Quand il prêche, il veut que tous ses fidèles, même les
plus humbles, entrent dans la louange des psaumes. Ses
commentaires sont une véritable catéchèse qui allume dans les
cœurs un « amour nouveau » des psaumes, comme le souhaitait
Paul VI, un amour du Christ et de l’Eglise. Or, aujourd’hui,
rares sont les prédications sur les psaumes… Elles
permettraient aux chrétiens de reconnaître en eux non
seulement la Parole de Dieu, mais aussi la réponse de leur
cœur et ainsi d’entrer dans un cœur à chœur avec Dieu. Peut
être que la liturgie des heures est cette grande catéchèse des
psaumes, puisque c’est l’échange, l’écho de voix entre l’époux et
l’épouse qui engendrent la louange.
Au fil de ses commentaires, Augustin édifie une école
dont il n’est pas le maître mais plutôt l’un des élèves. Cette
école est une « schola », au sens musical et liturgique du terme.

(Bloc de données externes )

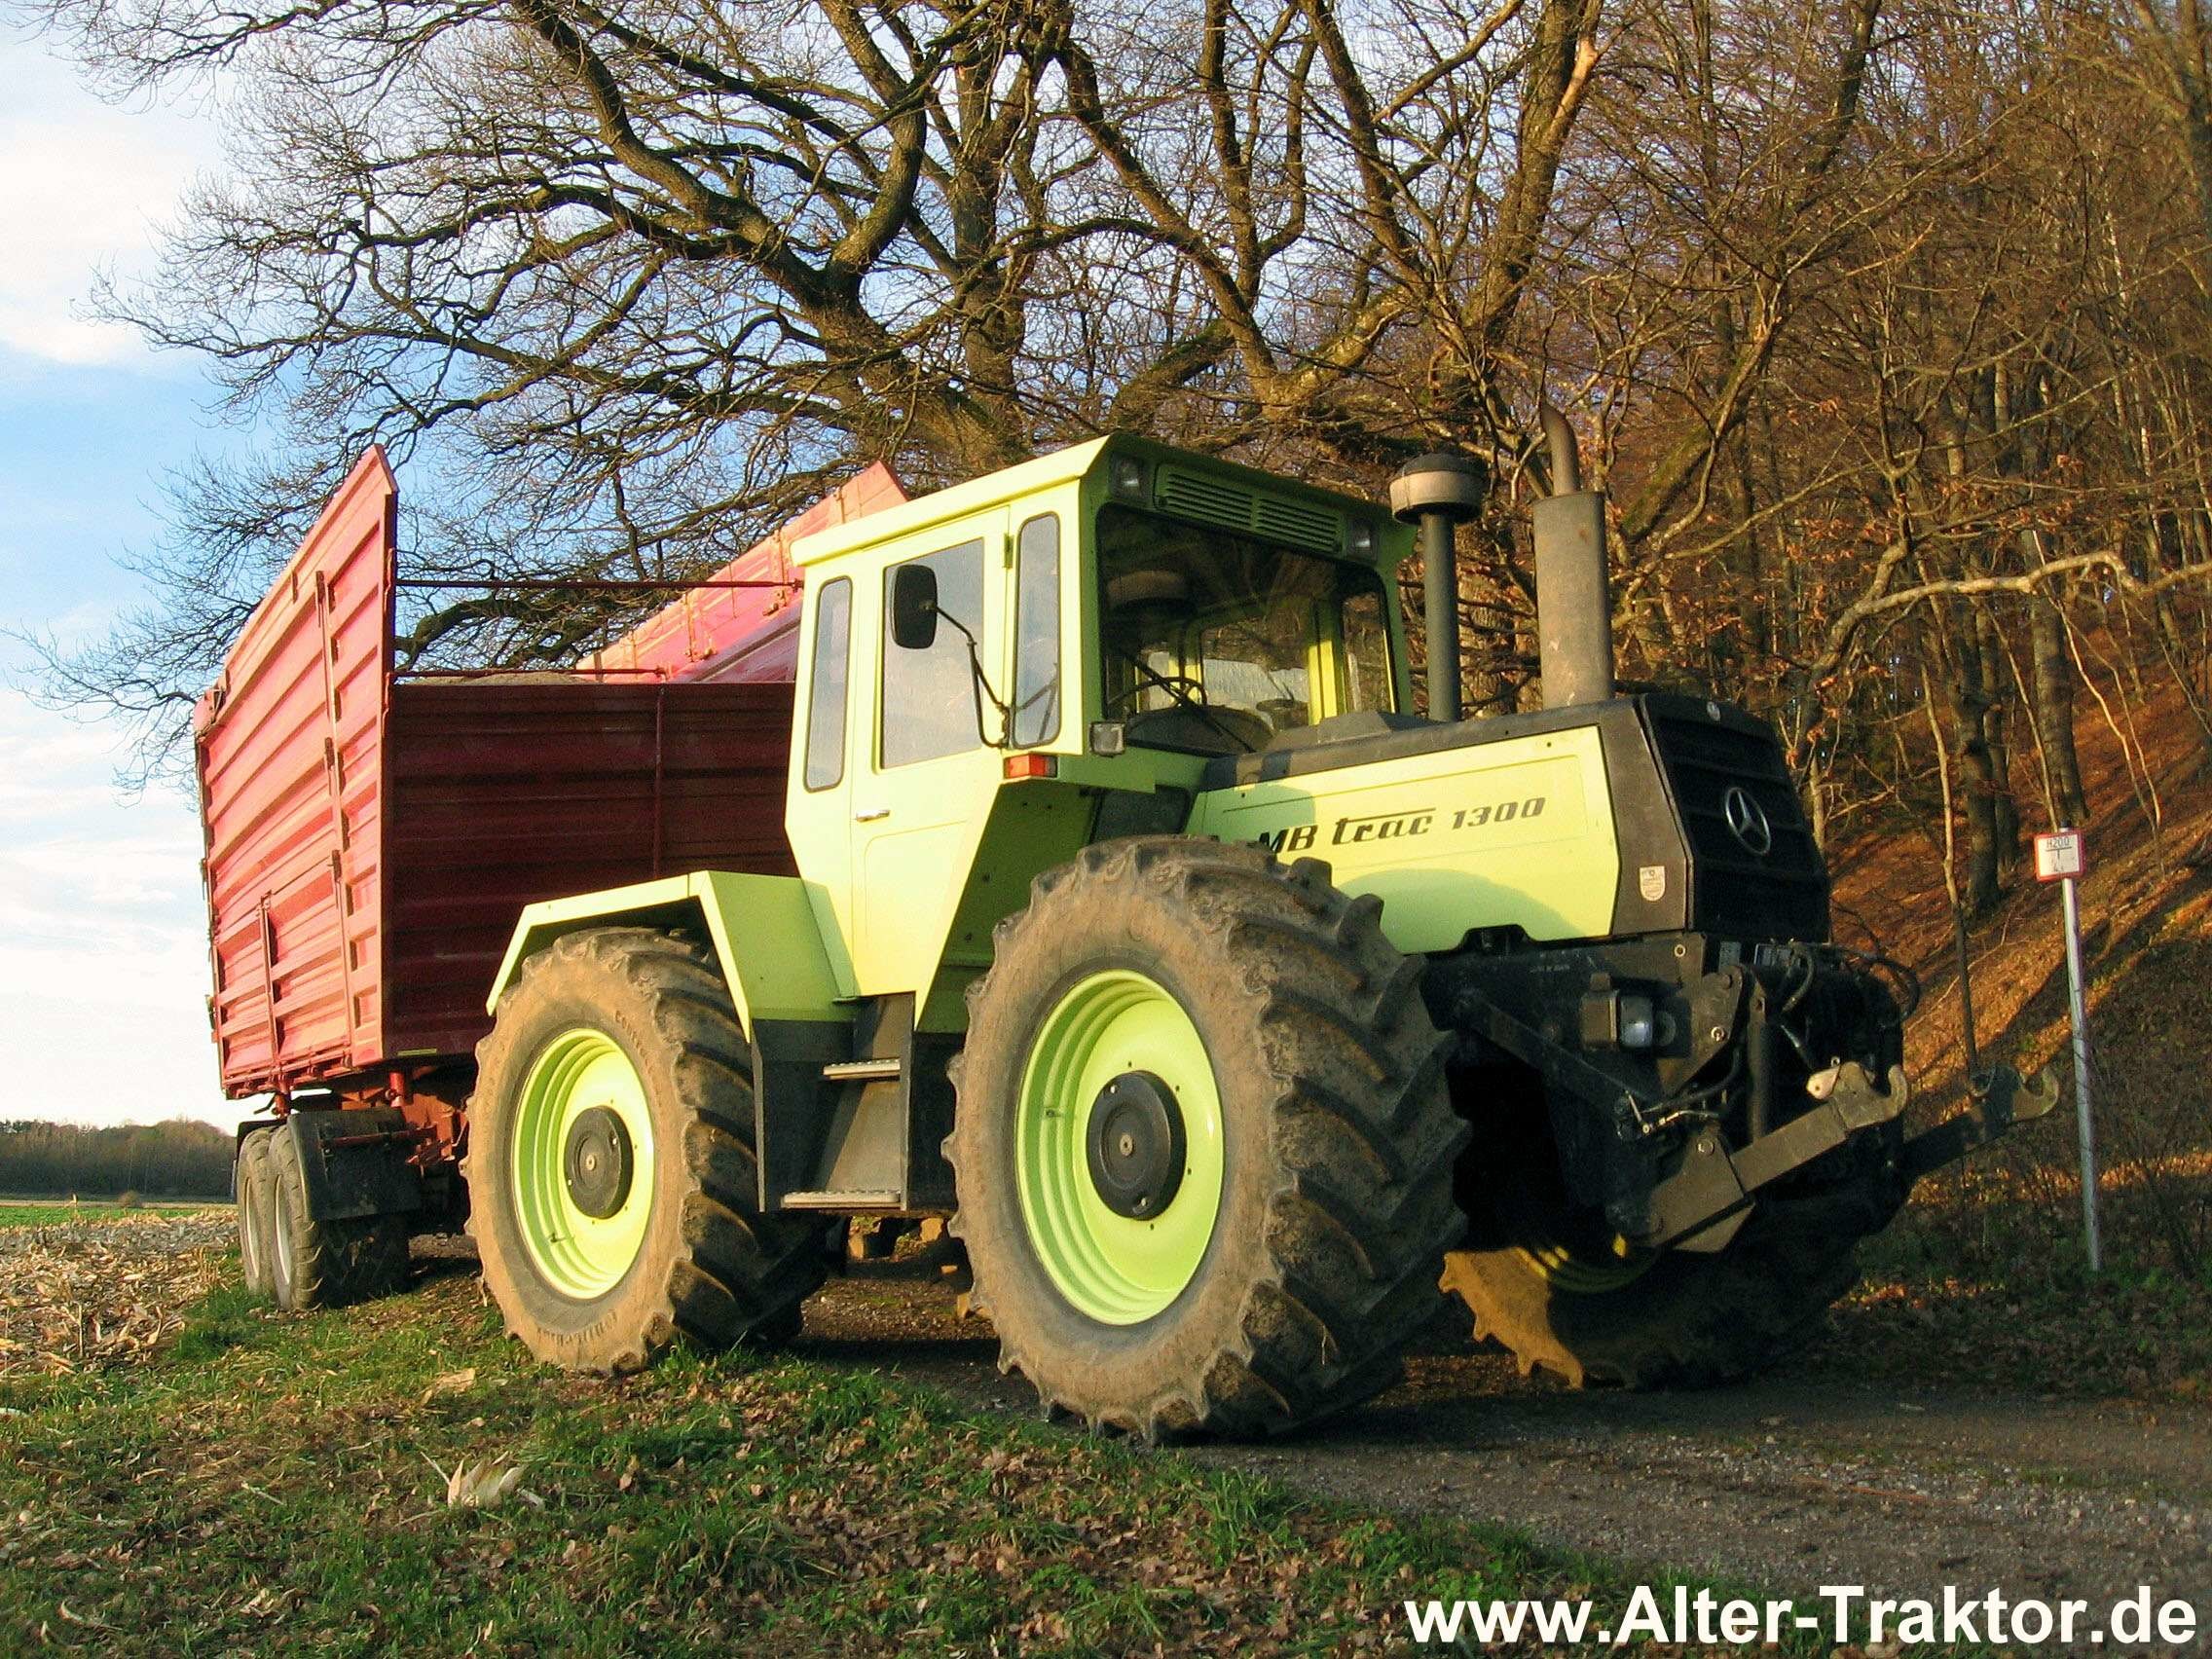 mb wallpaper,land vehicle,vehicle,tractor,agricultural machinery,transport

Le chœur des psaumes est l’Eglise, à la fois terrestre et céleste.
Le maître de chœur n’est autre que le Christ lui-même, le
maître du cœur de l’homme. Les psaumes deviennent une
partition dont le chant est une symphonie divine interprétée à
l’unisson par le cœur, la voix et la vie des hommes « Heureux
est l’homme » (Ps 1,1) qui prend le chemin des psaumes et qui
s’achemine de jour comme de nuit, dans la joie comme dans la
peine, dans le temps et pour l’éternité, à l’école du Christ dont
il est le maître pour « que tout être vivant chante louange au
Seigneur ! Alléluia ! » (Ps 150, 1).